Another advantage is that when a low pressure is used, a stable plasma can be maintained using the mentioned different plasma gas mixtures. This is possible even at relatively low excitation energies.

Another advantage is that stable plasma can be maintained using the mentioned different plasma gas mixtures at variable pressure, i.e. at low or at high pressure.

Another advantage is that more than one step can be performed in the process, wherein each step can be different, e.g. treatment with H₂ plasma in the first step and treatment with N₂ plasma in the second step. Another advantage is the incorporation of nitrogen into carbon particles (CP1 ) with varying the content of nitrogen being incorporated.

Another advantage if graphites are used is that the layer rims and edges are modified in the process and/or expansion and/or delamination of the particles can be obtained.

Another advantage if graphites are used is that some of the bulk characteristics of the carbon particles (CP1 ) comprising bulk elemental composition, (graphene) layer distance and/or specific surface area can be retained after the modification. Another advantage if graphites are used is that the modified graphites show exfoliation properties, which can be used for graphene nanoplatelet or nanoscale graphite synthesis.

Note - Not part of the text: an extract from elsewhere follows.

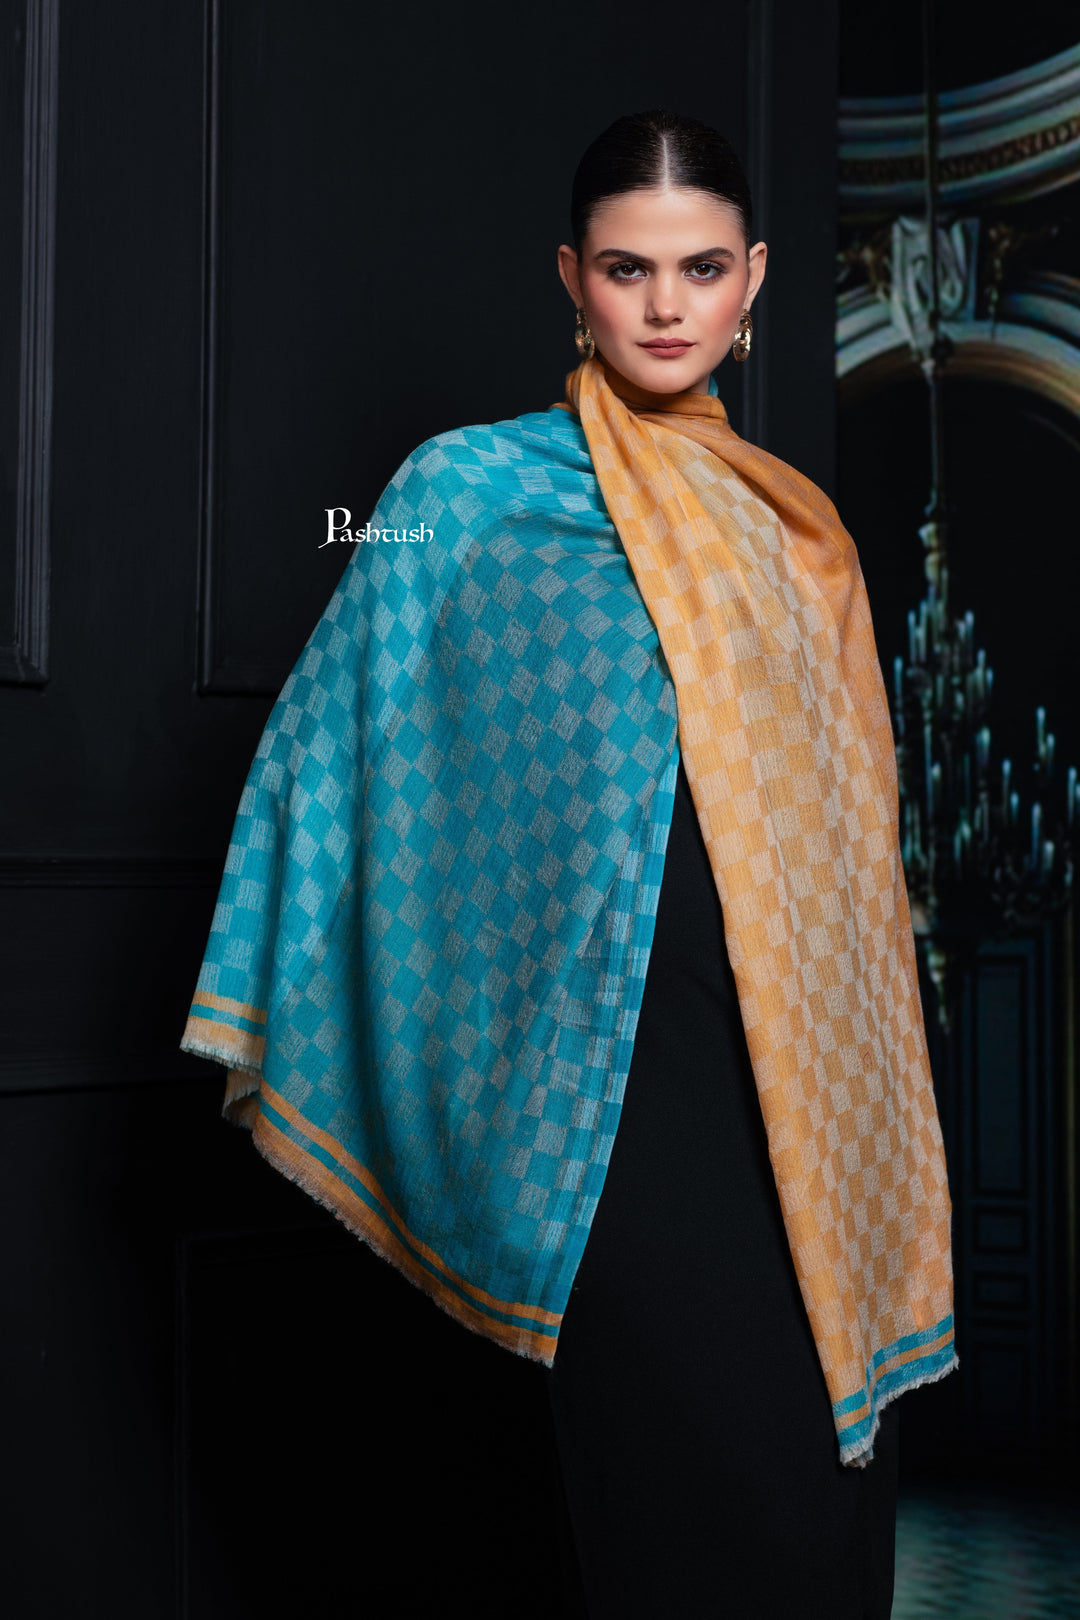 Pashtush India Womens Shawls Pashtush Womens Extra Fine Wool Stole, Twin Colour Weave Checkered Design, Sage And Teal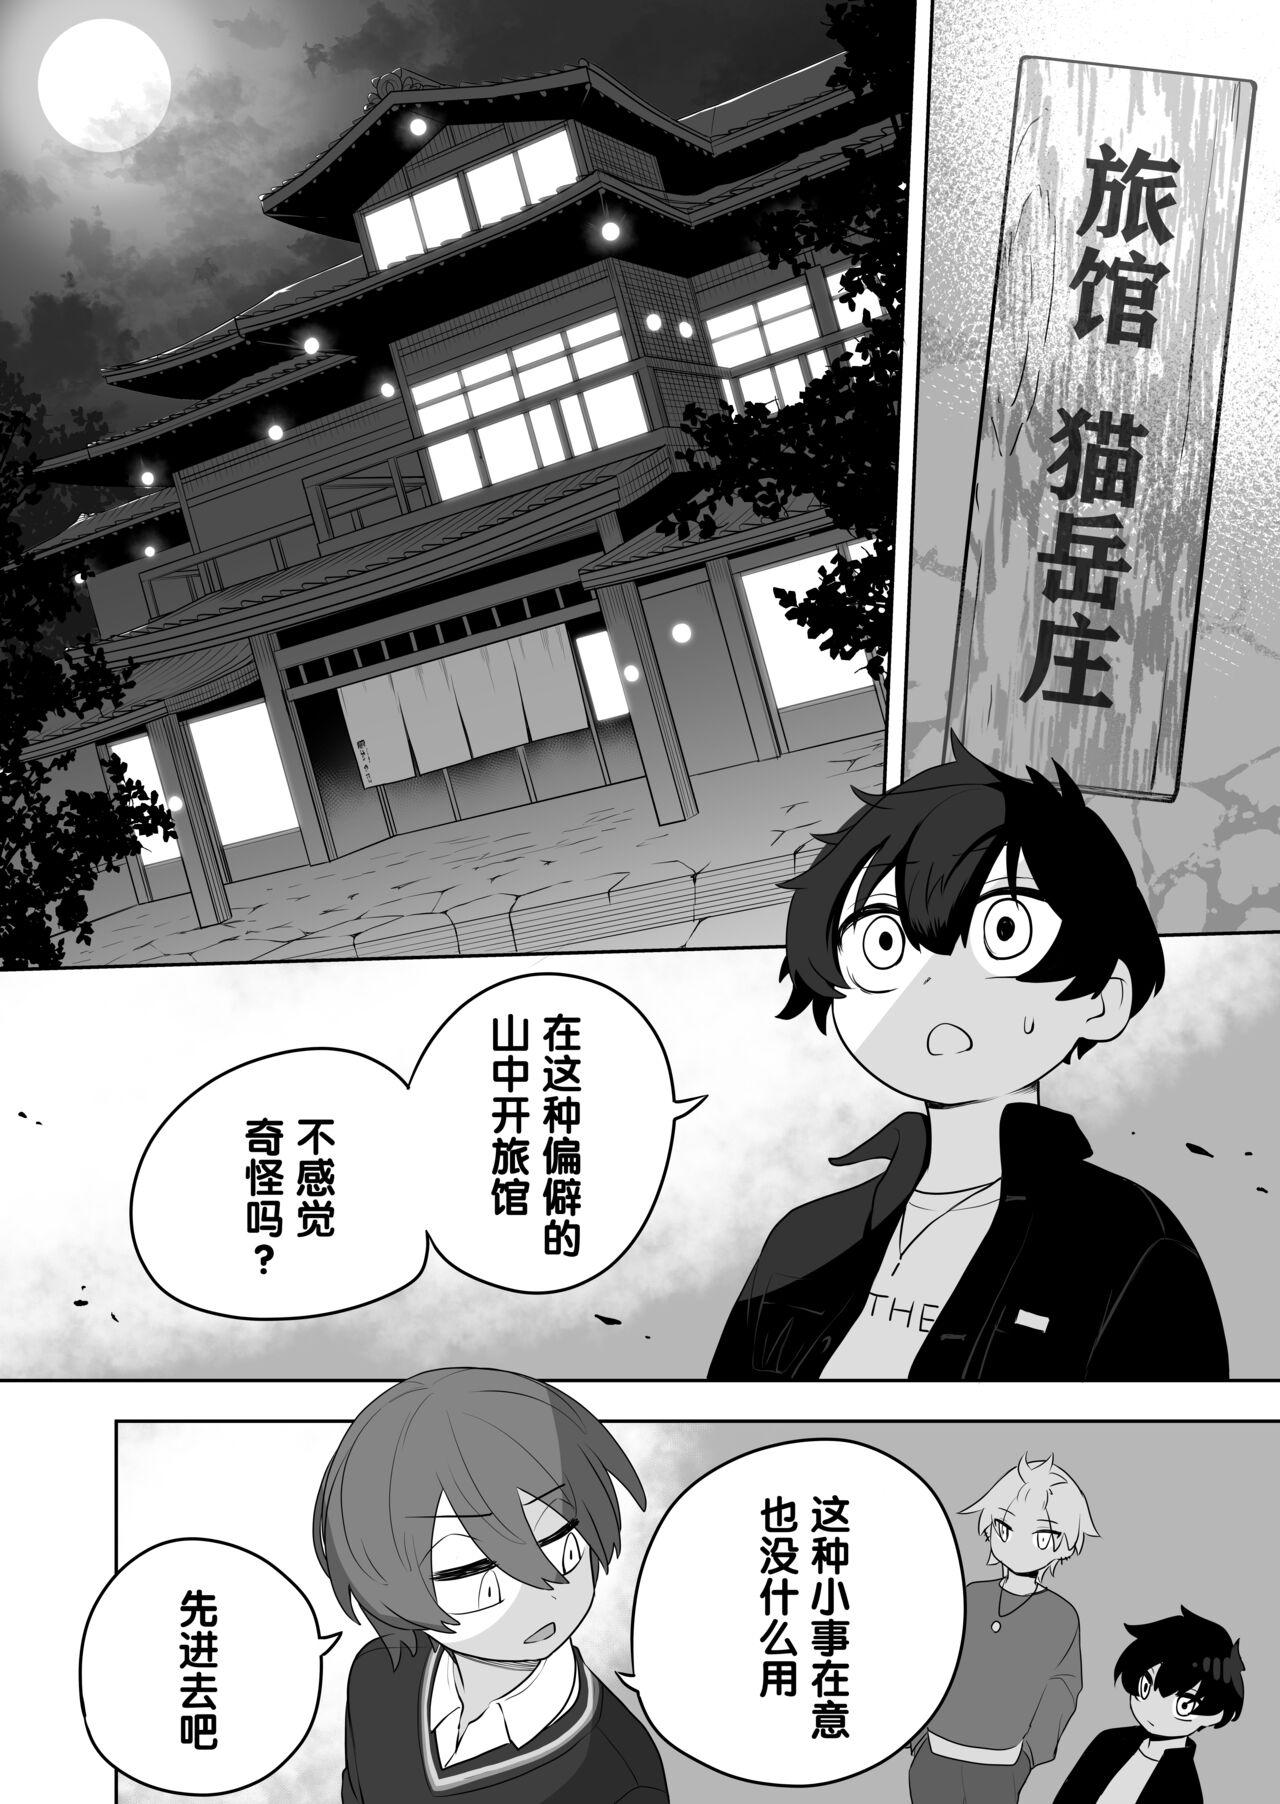 Family Roleplay 猫山怪闻 Spoon - Page 4

Another advantage is that the interaction of the treated graphene nanoplatelets with gases or liquids is enhanced, e.g. dipersions of the treated graphene nanoplatelets can be obtained.

Another advantage is that carbon blacks can be strongly surface and bulk modified with functional groups and/or heteroatom incorporation. Furthermore, these modified materials exhibit a high surface area as well as good conductivities.

Surprisingly, in one embodiment of the present invention, if carbon black is used, the modified carbon black shows better dispersability in composite/hybrid materials.

Surprisingly, in one embodiment of the present invention, it is possible to expand graphite without having a step of intercalation. The process according to the invention for modifying carbon particles (CP1 ) within an apparatus (A1 ) is defined in detail hereinafter.

Apparatus (A1 ) usually comprises at least one inlet for gaseous stream (G1 ), a reactive zone (RZ), a sample holder (SH) located below the reactive zone (RZ) and an outlet (01 ) located at the top of (A1 ).

All parts and components of apparatus (A1 ) are known to the person skilled in the art. Within the context of the present invention, the reactive zone (RZ) is the area inside apparatus (A1 ) in which reactions of carbon particles (CP1 ) take place. This area can consume a large area inside apparatus (A1 ).

Furthermore, the sample holder in apparatus (A1 ) is freely adjustable to the conditions needed and can be a glass frit or anything which is suitable by any means known to a person skilled in the art. The sample holder (SH) may serve for the gas distribution of gaseous stream (G1 ), to make sure that gaseous stream (G1 ) is being equalized and to provide a homogeneous fluidization of the carbon particles (CP1 ). Further the sample holder (SH) may serve for the carbon particles (CP1 ) to not fall into the gas supply line.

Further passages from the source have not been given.